I want to like Adam Grant.
In a shorter medium (blogs and articles in places like HBR),
he has written some smart things, and he has worked professionally with people
I like.
His books seem to miss the mark though. His first, Give and
Take, had some interesting ideas in it. It is just that Grant seems to have
this thought where he should be publishing on a big idea. Therefore, in that first
book, he created a trichotomy where people fit in one of three categories
professionally – you were either a giver, a taker, or a matcher. The key was to
be the matcher. However, there was a weird caveat that it was not all matchers.
I liked the book well enough that I remember that taxonomy that he drew, but it
felt like a letdown because it relied too heavily on a few examples.
It is as if he does take that big idea he wants to talk about,
finds the examples, and then uses them as a highlight. Maybe it is a narrative
thing he’s doing (he does call himself a social scientist in this book more
than once), trying to use examples to tell a better story because data is not
as fun to read on the train, I don’t know. But he makes the same choices in
Originals as he did in Give and Take.
Therefore, that lead me, as I was reading, to try to think
of this book and how I would describe it. In one sense, it does feel like it is
pointed towards some self-satisfied liberal elite establishment pseudo-intellectual
thing. I mean, look at the blurbs. Sheryl Sandberg helped edit it as per the
acknowledgements, and she wrote the forward. It is blurbed by Malcolm Gladwell,
Richard Branson, Ariana Huffington, and Peter Thiel, to show you what the intended
audience is. For what it’s worth, it feels like an extended TED talk. For me, that
is not a charitable comparison, but it may appeal to some people.
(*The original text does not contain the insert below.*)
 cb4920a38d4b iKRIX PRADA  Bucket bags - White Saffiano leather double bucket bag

All this is not to say that there is not valuable information
and insights embedded in the book. There is a part about Martin Luther King
prepping his famous “I have a Dream Speech”. There is an extended section on
the birth of the women’s suffrage that brought to my attention an important figure
in American history I was very unaware of. The problem is that these sections
were used to illustrate the broader points that Grant was speaking on and it
may not have been the best fit (the lessons were “procrastination can be useful”
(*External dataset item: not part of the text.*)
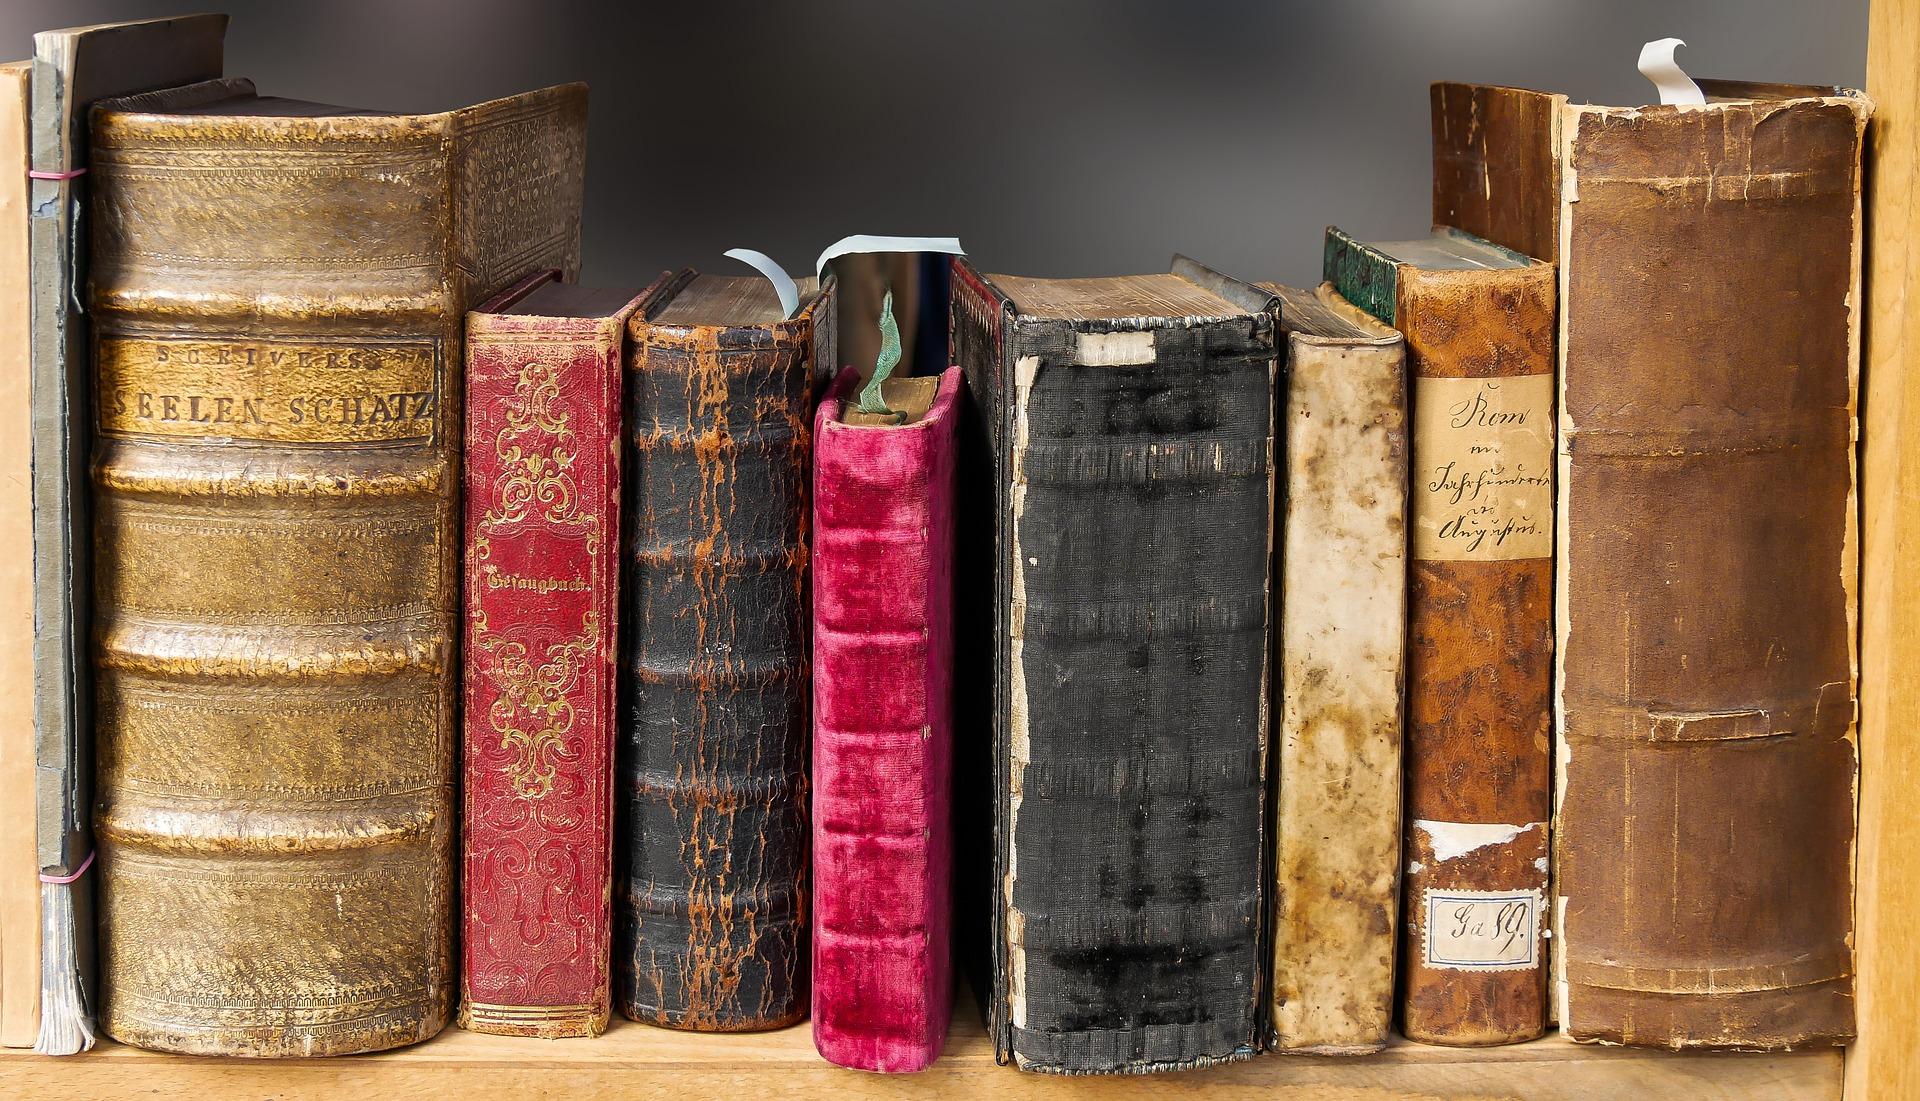 Publicar-un-libro-editar-Madrid-Barcelona-España-Cataluña-Catalunya-català-Andalucia-coedicion-autoedicion-tradicional-manuscrito

and then “build coalitions”). It is as if Grant is just pulling in the things
that are interesting to him and trying to apply them to the larger idea that
being original is good.
This of course is true. But for me the most troubling thing
was that originality as looked at in the book was focused mostly on business
success, with a side of politics. The only originality that Grant wrote of in
the arts was in comedy – nothing about Duchamp or John Cage, but we learn how
birth order may influence how often a baseball player steals a base. My guess
is that art is just too far outside of Grant’s domain for him to write cogently
on it, but it is a huge blind spot in a book about the importance of
originality (No “Make it new” or worrying about the anxiety of influence). Nevertheless,
perhaps that is just showing my domain preferences.